Image: Hugh Threlfall
January 06 2012
As someone who feels gratitude to the late Steve Jobs on an almost hourly basis for Apple products, it is perhaps somewhat perverse that it took this superb Sony laptop, the Vaio Z, to help me fully appreciate his genius – and realise that Apple doesn’t always have the last word.
The Sony arrived with two other premium laptops challenging the growing hegemony of the 13in MacBook Pro and Air. I am taking it as a given here that, Windows/Mac arguments aside, these computers all work brilliantly; my focus, as was Jobs’, is their look and feel – we can spend 12 hours a day with laptops, so God is truly in the detail.
First, the Asus Zenbook. This comes in 12in and 13in models of similar thickness, weight and price to the MacBook Air. They have Bang & Olufsen audio and fine screens. But they’re too shiny, with sharp edges, nasty silver keys with cheap-looking italicised letters. Everything is out of visual sync with everything else. Any Apple designer who showed these to Jobs would have been fired.
Then there’s the Dell XPS 14Z; a cheaper, lighter, thinner MacBook Pro competitor with a bigger screen than the Zenbook. No-brainer? Sure, if you can live with its jangling ugliness. It’s good, but, again, just not nice. I, anyway, would never get pleasure from using this.
With the Sony Vaio Z, however, the competition gets serious. The carbon-fibre Z is just over half the thickness and weight of a MacBook Pro, has a potential 14-hour battery life, an aesthetic that Jobs wouldn’t have kicked you out of the room for, plus features he’d love, including a keyboard that tilts as you raise the screen, a 3G SIM and the option of a 512Gb SSD hard drive. Wow.

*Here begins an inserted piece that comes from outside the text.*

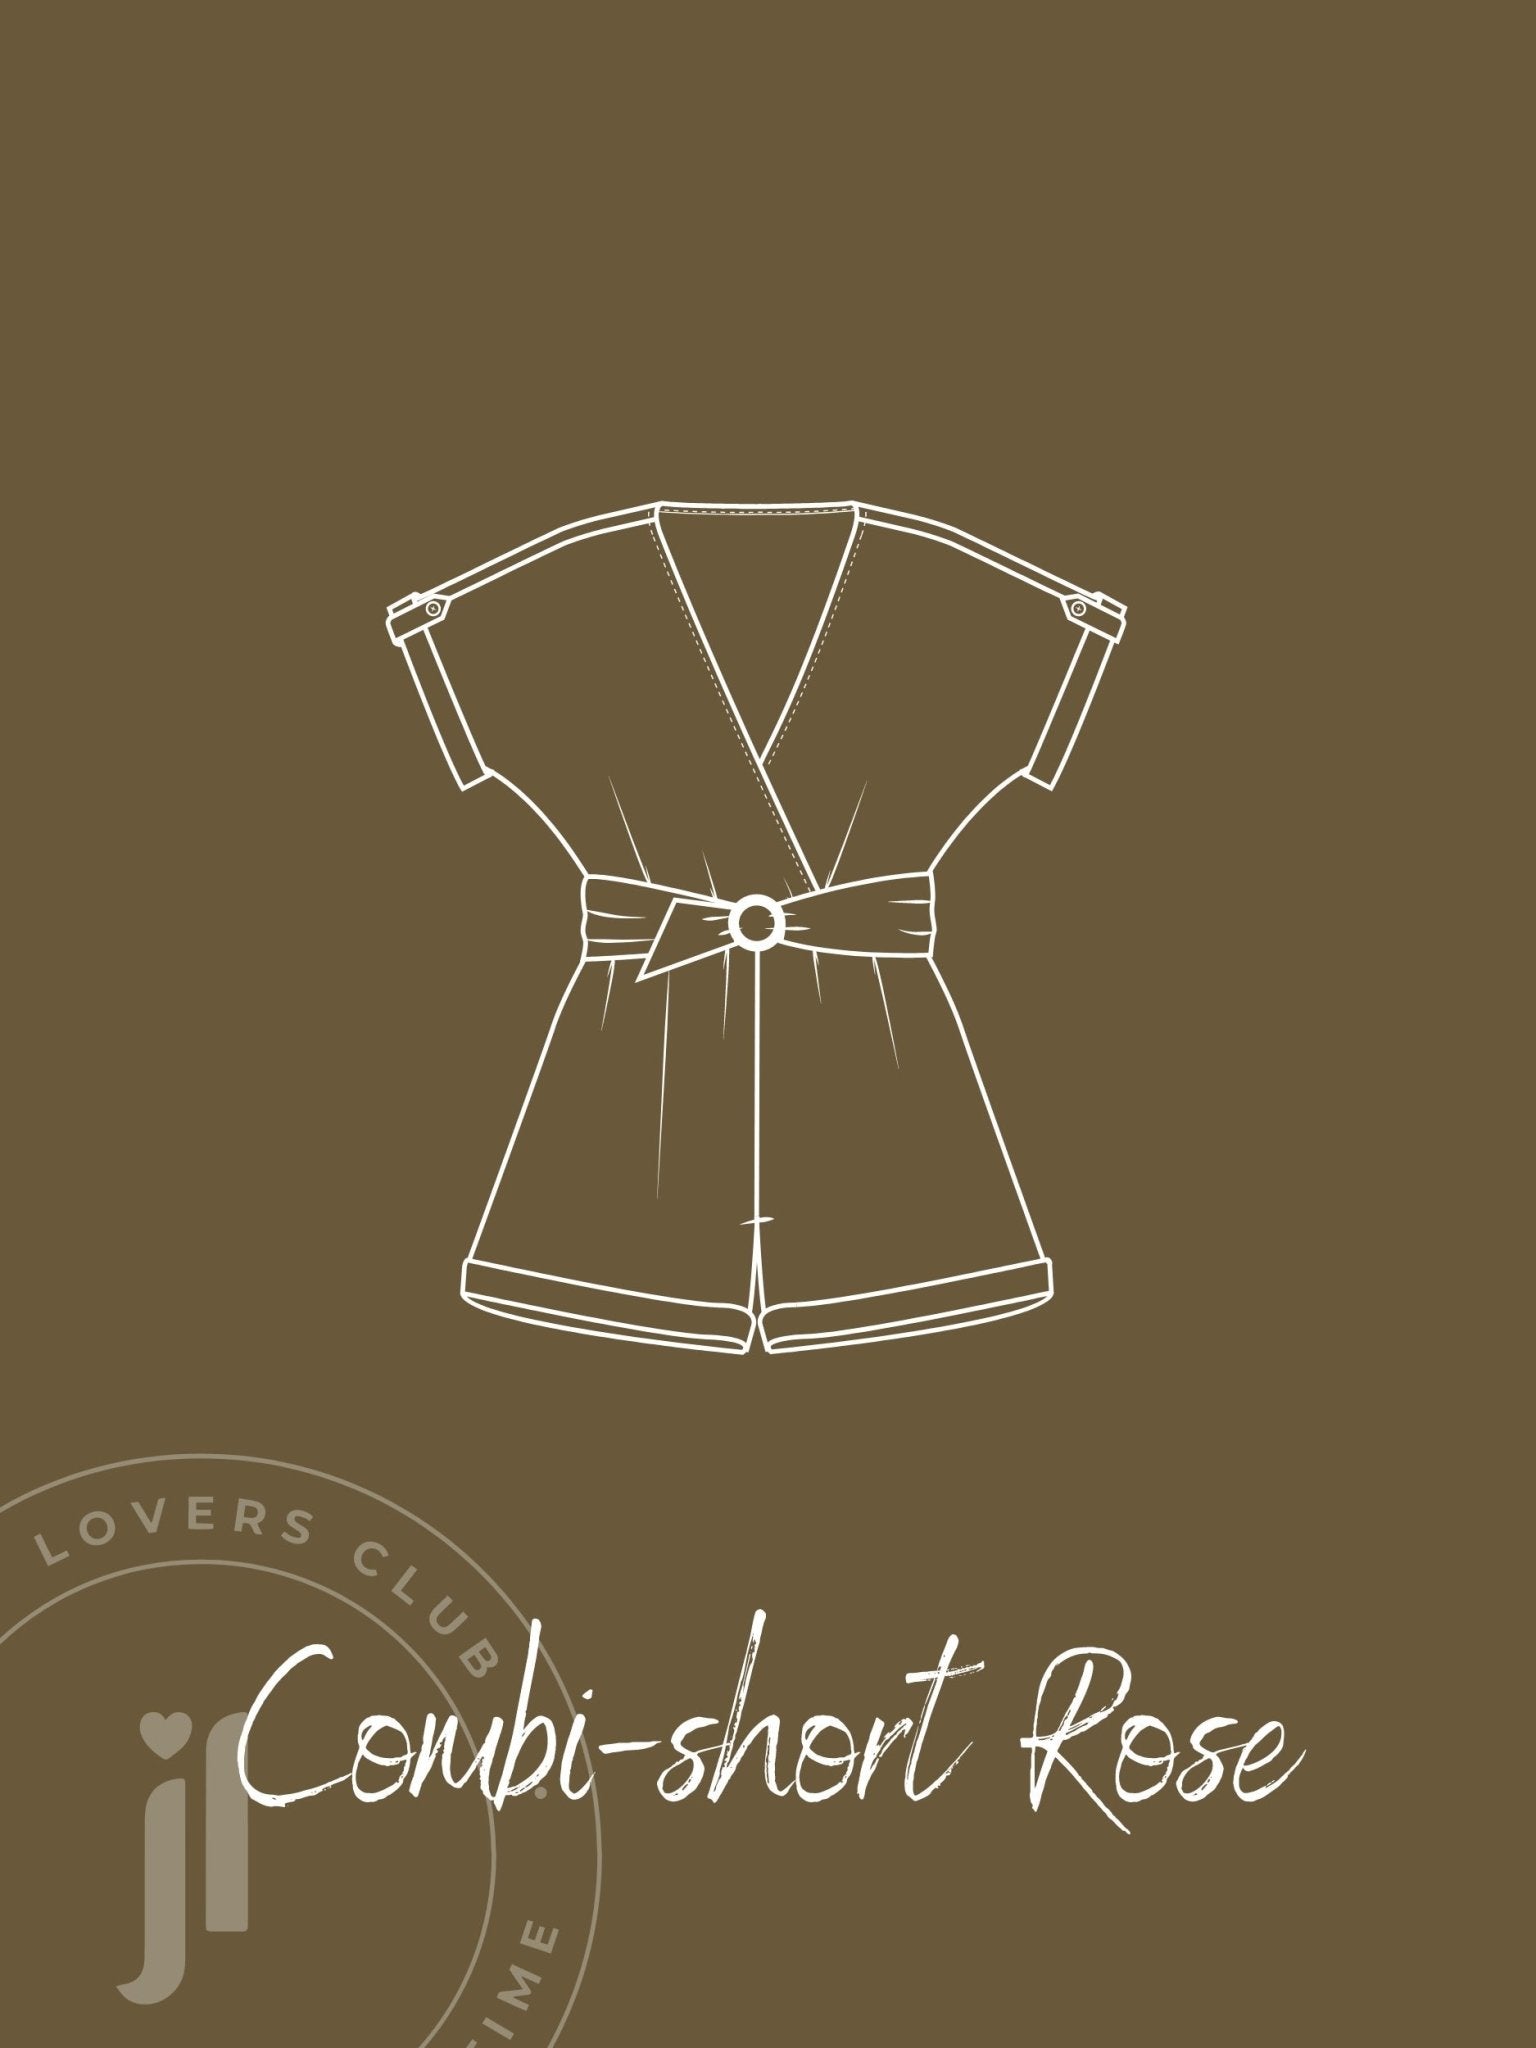 Joli Kit Couture - Combi-short Rose kaki - Joli Lab

Of course, being a PC, the machine’s back and sides are hideous, and it comes plastered with those moronic little Intel and Windows stickers, which ruin the visual impact and damage the fascia. Jobs would have murdered anyone responsible for that. Yet in myriad ways, the Vaio Z beats the pants off the sainted MacBook Pro. Indeed, the Vaio Z is terrific enough to beat Apple for the custom of discerning, demanding people, ie, you and me. I’m just not sure it will.